You say: How can you not care, you monster.
But:
Libertarians/conservaties' whole deal is that you can only decide what is just BEFORE the consequences occur. You might be able to predict the consequences before making the policy, but they believe you *shouldn't.*
They think you should be strong enough to ignore them and make a purely just policy (generally based on property rights).
So if you examine your principles and derive a policy that results in a mass of people starving, they think that consequence is irrelevant to the justice of the policy. Justice can only be decided before consequences. And they think you are immoral for thinking otherwise.
In philosophy class, discussions about "deontology" and "teleology" -- whether morality comes from the intent or the result of an act -- focused on examples wherein, for example, you feed a hungry person but accidentally poison them, or try to murder them but end up helping.

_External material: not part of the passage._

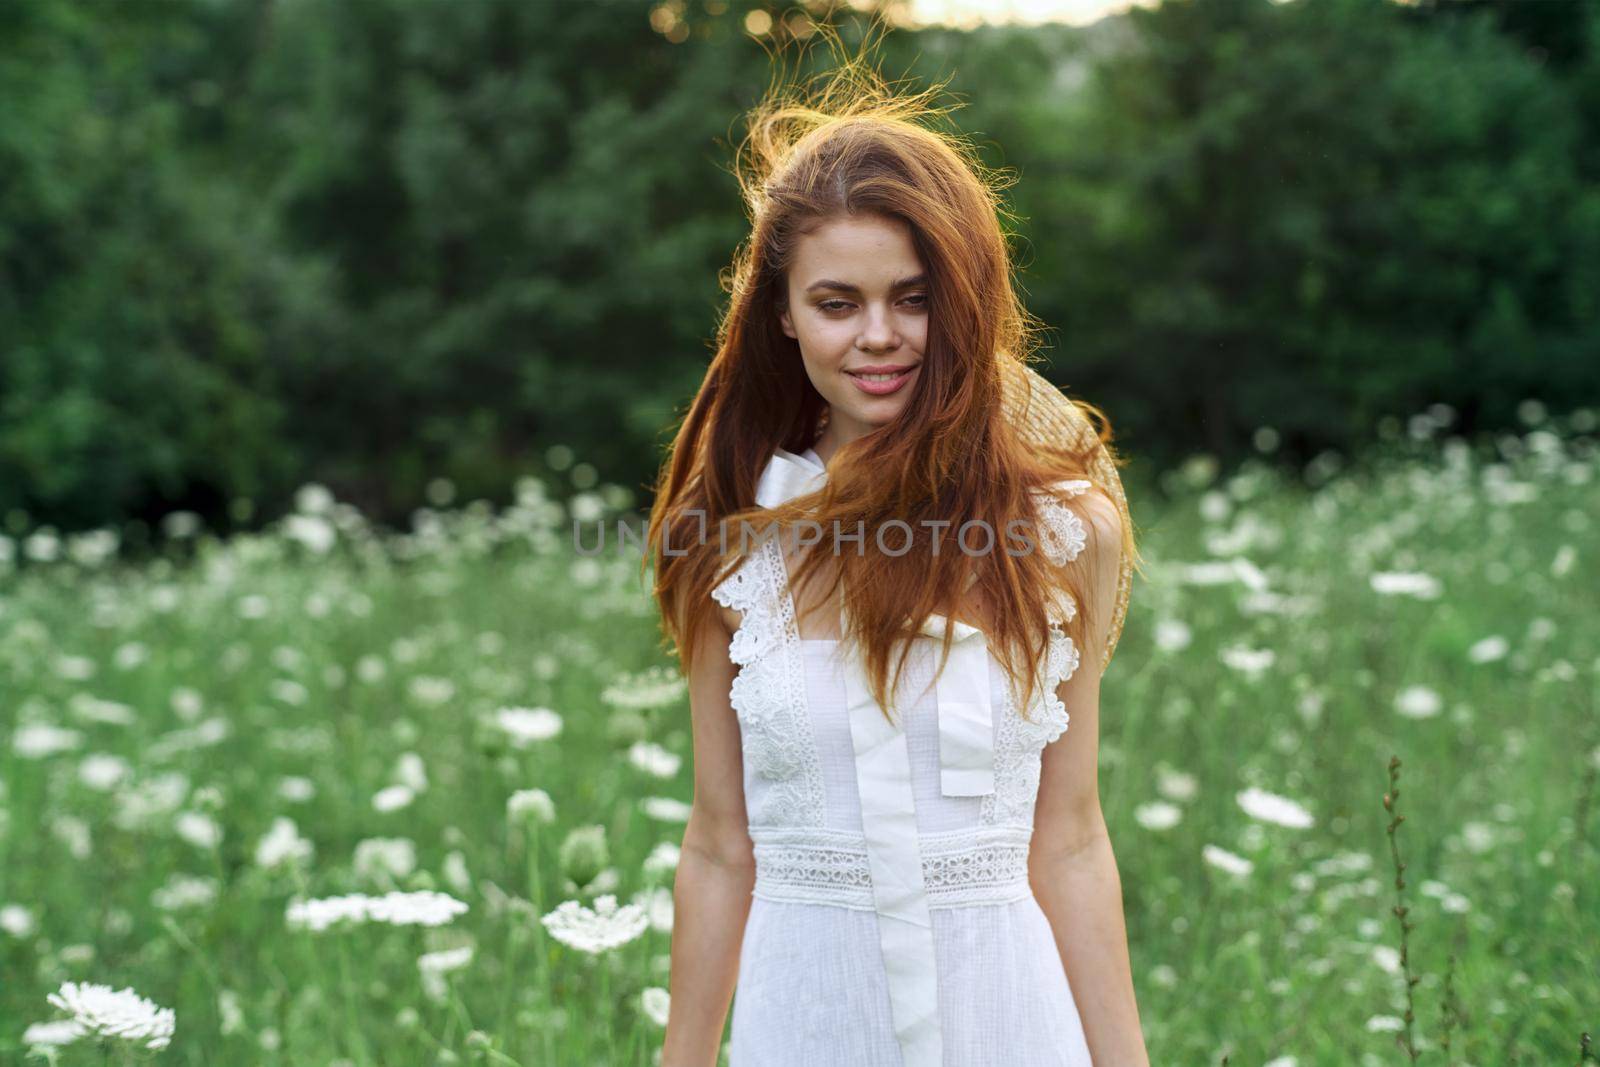 Woman in white dress in a field walk flowers vintage nature by Vichizh
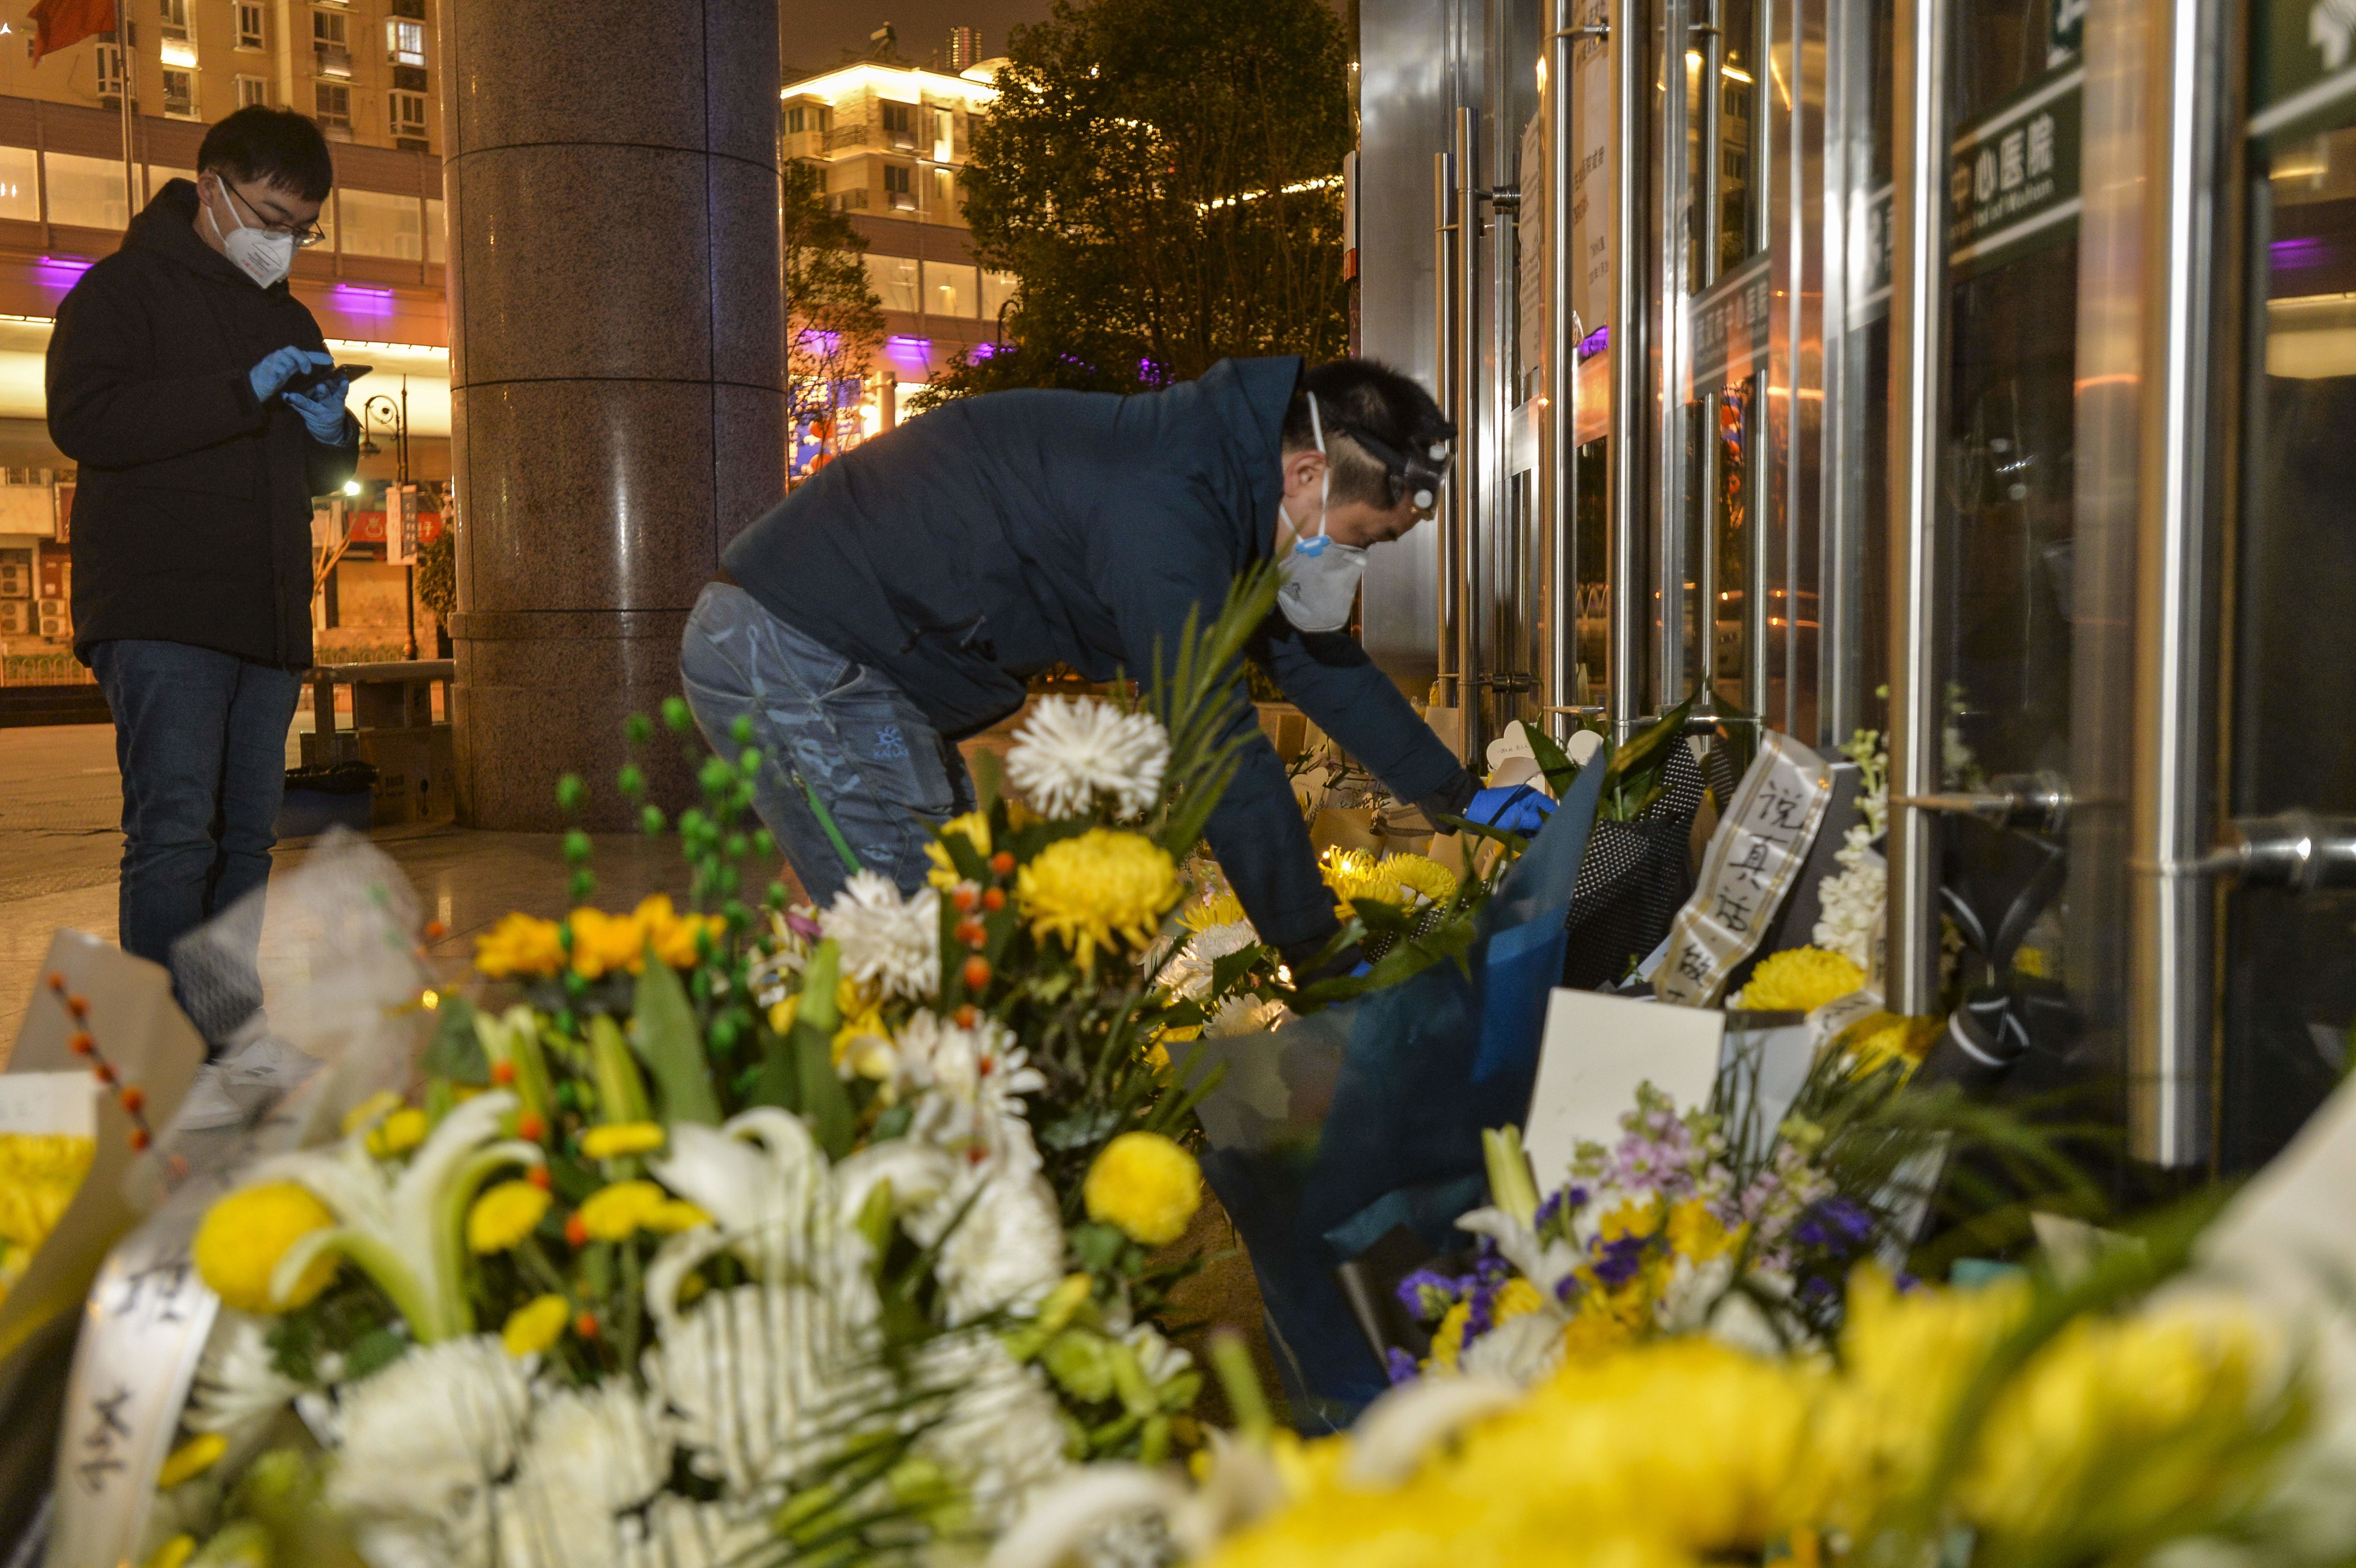 In this image, a person wearing a protective face mask places flowers against the front glass doors of a building

In most of those philosophical examples, the person's intent seems most important, and the results are unexpected and unforeseeable. But IRL, people who subscribe to an entirely intent-based ethic aren't talking about these things.
This is why such people might subscribe to a policy that tries to reduce teen pregnancy via abstinence education, but actually increases it due to ignorance and lack of contraception. Showing them the results doesn't change their mind bc they think considering results is immoral.
This is why such people enjoy policies involving work requirements in order to receive, say, food aid. When told that there are no jobs, or that many people receiving the aid are caregivers and cannot work full-time, they literally believe they are morally required to ignore this
There is some mental gymnastics here. Most people do have some level of empathy for abject human suffering. Calling libertarians/conservatives psychopaths or something doesn't capture this.
If you're a liberal or progressive and hear about suffering, you probably think you, or we, should do something about it, or at least you feel guilty for not doing anything, or not being able to do anything. Because you *start there* when forming policies and beliefs.
The progressive mind looks at the suffering in the world and reasons backwards to develop policies. The conservative mind finds this deeply corrupt.
They reason the other way: decide what is just, and if suffering results, the only way to remain moral is to harden yourself to it. If you allowed your empathy to decide policy, you would override what you had decided was just in a "pure," results-free thinking space.
So this is what's happening when everyone I know RTs some Republican, like "This guy is a psychopath who doesn't care about people suffering." That's now how that guy sees himself. He probably thinks he is mentally strong and pure for making policy regardless of consequences.
I'm clearly against that. But I understand it. As a teenager, I for some brief time existed in a space where I cried over newspaper articles about famine, but also read Ayn Rand (frankly, Robert Nozick is half as silly, a thread for another time)
It takes mental gymnastics to decide that "taxation is theft" or that we should design society as a "perfect meritocracy", and then to note that many people would die, and then to "stay strong" because you think the first thing is justice and the second is just unfortunate.
So, this is what's going on in a lot of people's heads when you point out the consequences of their policies and tell them they don't care. They may care on a personal level, but they believe they are better than you for not letting it affect policy.
How do you work with that? Well, do you have a coherent philosophy about the limitations of property rights that leads to your desired result? No amount of evidence of suffering will persuade people who expect you to begin at the other end.
The end. -your friendly neighborhood phil-major-a-long-time-ago from the South
*That's NOT how that guy sees himself.